为首的,是一对供在紫檀木托盘里的南海血玉珊瑚如意。

那珊瑚红得不像死物。

烛火映照下,它流转着一种温热的、仿佛还在呼吸的血色光泽,美得妖异,艳得凶险。

这东西一抬进来,殿中所有的陈设都黯然失色,仿佛都被它那无声的威压夺去了魂魄。

苏培盛一张老脸笑成了一朵饱满的菊花,对着孙妙青,那腰弯下去的角度,比平日里对着皇后还要深上三分。

“娘娘!我的好娘娘!这可是万岁爷压箱底的心头好,平日里搁在养心殿,咱们这些奴才想隔着窗子多瞧一眼都得掂量掂量!”
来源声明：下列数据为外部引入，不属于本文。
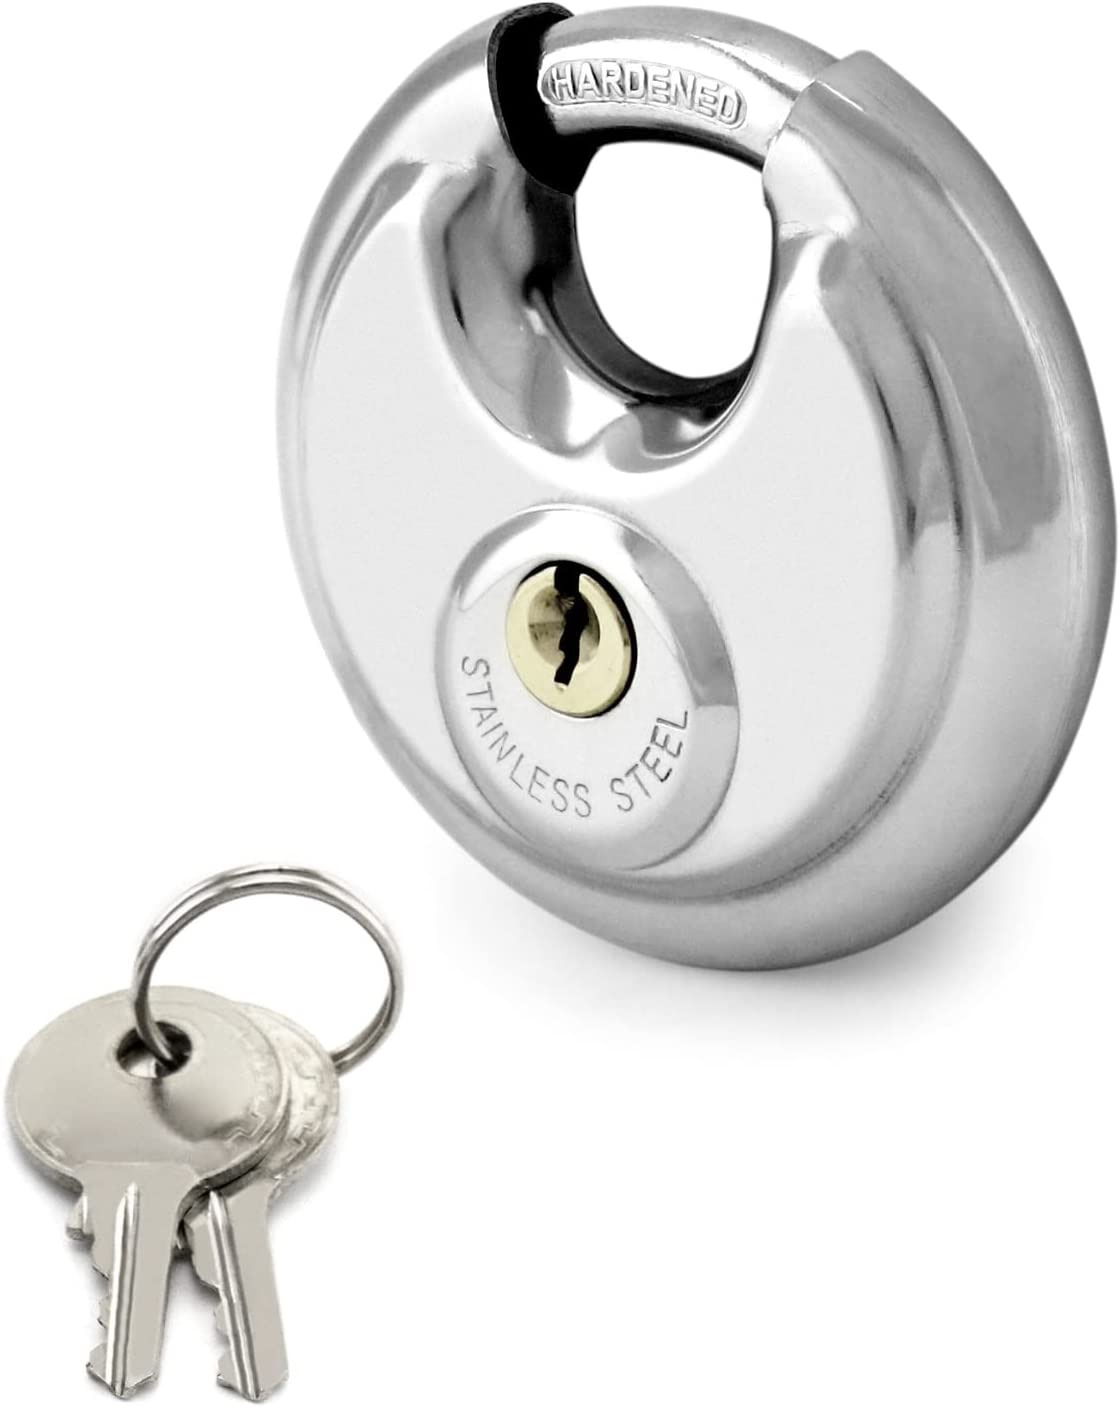 QWORK Disc Locks, 1 Pack Heavy Duty Steel Keyed Padlock Disc Storage Locks for S

“万岁爷说了,您这叫双喜临门,是天降祥瑞,是咱们大清国运昌隆的最好兆头!您可千万得好生歇着,仔细着凤体!您和您肚子里这两位小主子,如今就是咱们大清的顶梁柱,是顶顶金贵的人儿!”

他一字一句,都咬着“金贵”二字,把皇帝的恩宠、未来的尊荣,都明明白白地摆在了台面上。
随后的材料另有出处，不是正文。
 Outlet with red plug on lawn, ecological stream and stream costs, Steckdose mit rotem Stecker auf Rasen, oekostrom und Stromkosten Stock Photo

孙妙青由春喜扶着,端坐在主位上,面上一派恰到好处的受宠若惊,眉宇间带着一丝刻意为之的倦色。

她心中却无波无澜。

皇帝高兴的,从来不是她孙妙青。

甚至不是这两个尚未出世的孩子。

他高兴的,是“双生之兆”这四个字。

这是老天爷递到他手里的旗帜,是让他可以名正言顺地彰显天命、打压权臣的利刃。

打发了苏培盛和那一长串捧着赏赐的太监,殿内总算恢复了宁静。

孙妙青挥退了所有人,只留下春喜。

她伸出手,指尖悬在依旧平坦的小腹之上,迟迟没有落下。

这里面,正孕育着两个生命。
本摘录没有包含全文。